AE were more prevalent with sorafenib and sunitinib. In total, 173 drug interactions were recorded (pre-intervention, 80;
intervention, 93; P = 0.045). Drug interactions were more frequent with erlotinib and gefitinib; food interactions were
more common with sorafenib and pazopanib. Our follow-up of cancer outpatients revealed a reduction in severe AE and major
drug interactions, thus helping health professionals to monitor the safety of OAA.</p>
</abstract_text>
</abstract>
</abstracts>
let $q3 :=
cts:near-query(
(
cts:element-query((xs:QName("abstract_text")),
cts:word-query( ("Controlled", "randomized", "randomised", "clinical", "masked","blind*","multi center", "open label*","compar*", "cross over", "placebo",
"post market","meta analysis","volunteer*", "prospective"
),
("case-insensitive", "punctuation-insensitive", "wildcarded"))
)
,
cts:element-query((xs:QName("abstract_text")),
cts:word-query(("stud*", "trial*" ),
("case-insensitive", "punctuation-insensitive", "wildcarded"))
)
),
3
)
return
cts:highlight($xml,$q3, <b>{$cts:text}</b>)
当我把 NEAR
放到 3
时,它不匹配 comparative
和 study
即使距离是 3
而且我有它punctuation-insensitive
。但是当我将它更改为 4
时它起作用了..
但是当我也改成punctuation-sensitive
时,即使与NEAR
距离3
仍然不匹配。这是为什么?
而且我想在word-query
中实现匹配说placebo-controlled
和placebo controlled
。我认为一旦我打开 punctuation-insensitive
并在我的单词查询中搜索 placebo controlled
就会找到单词的所有组合..但是当相同时,这将如何影响 NEAR
距离在 NEAR
查询中使用 ?
这实际上与解析搜索时的标点符号无关,而是 MarkLogic 如何标记和索引单个单词的位置。默认情况下,MarkLogic 的标记化将带连字符的短语分解为单独的单词。如果您不喜欢默认行为,您可以使用自定义分词器来指示 MarkLogic 应如何为单词编制索引。有一个非常详细的指南,介绍如何使用自定义分词器忽略单词分词中的连字符 available here。
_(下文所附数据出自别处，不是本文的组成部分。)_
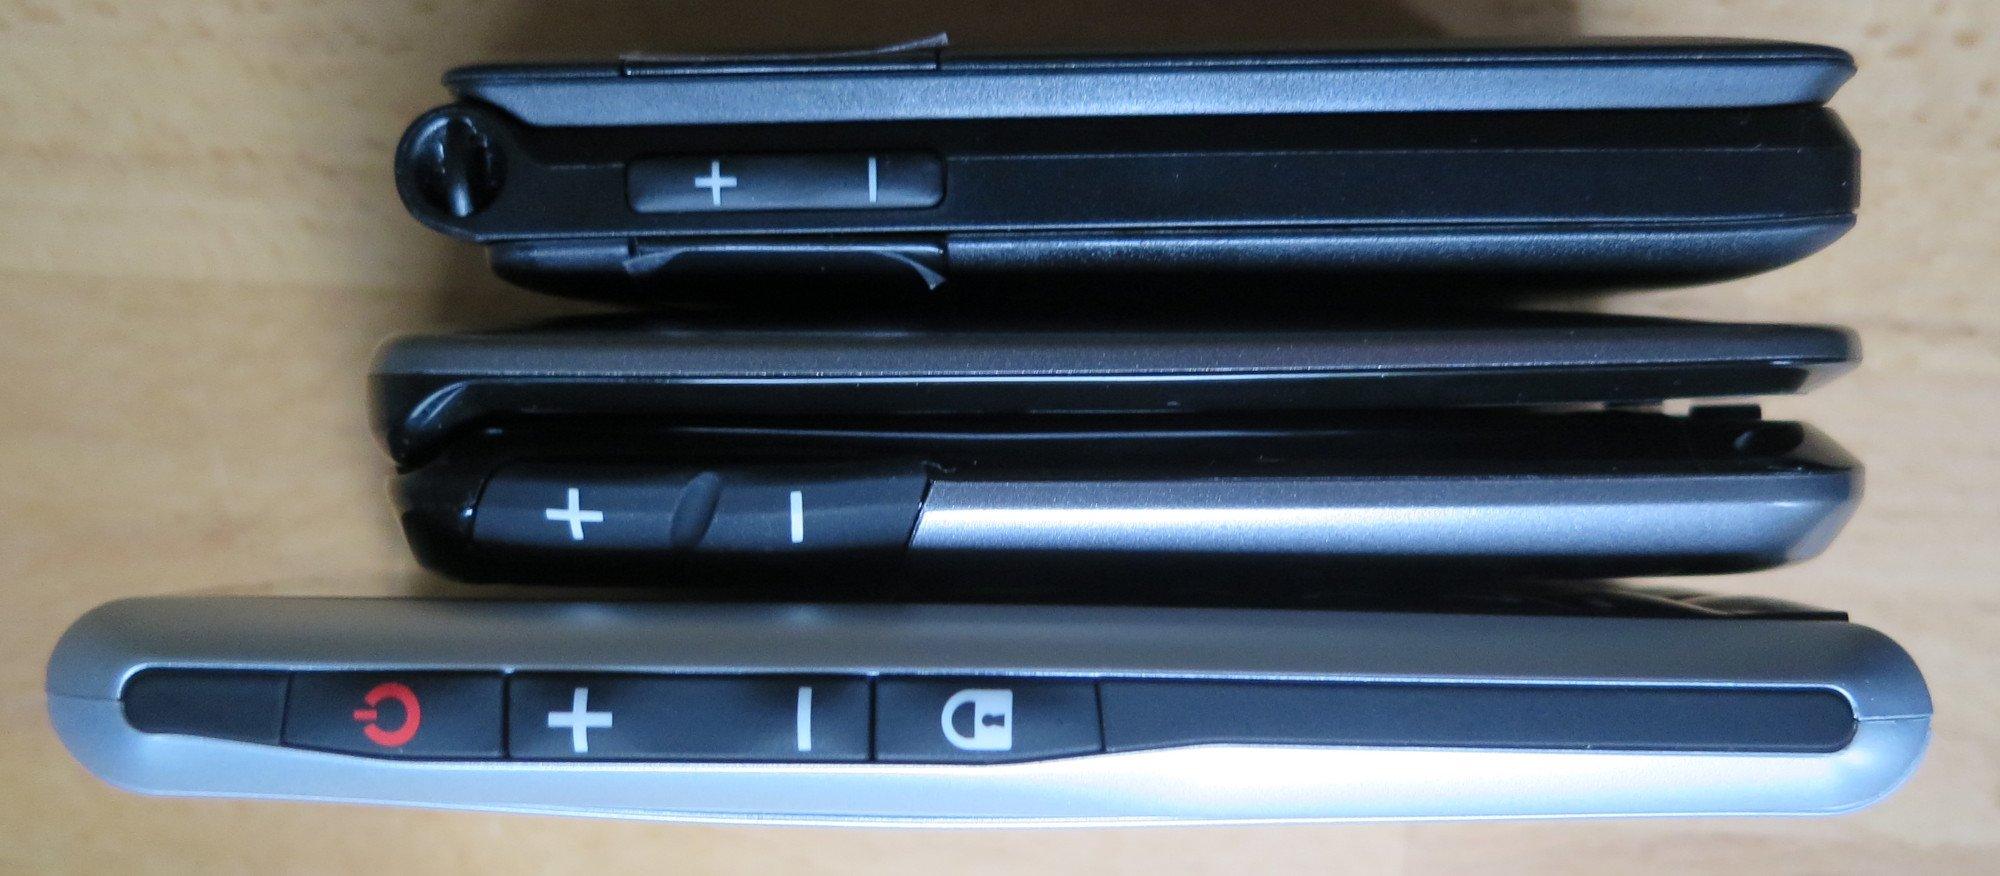 Das Emporia Classic 2G (unten) benötigt eine Taste für die Tastensperre. Die Klapphandys werden bloß aufgeklappt (Bild: Peter Giesecke)

对于您的情况,我不确定我是否会建议您探索使用自定义分词器。可能会产生意想不到的后果,并且它的性能不如使用默认标记化。相反,使您的代码适应默认标记化的工作方式可能更有意义。
让我们看看:comparative, interventional, quasi-experimental study
它将被标记为:
Word | Position
comparative | 0
interventional | 1
quasi | 2
experimental | 3
study | 4
因此,comparative
和study
之间的距离是4。注意quasi-experimental
被标记为两个词。
我不确定我是否理解您在上一段中提出的问题。但我希望这能为您提供足够的信息,以更好地理解默认标记化的行为方式。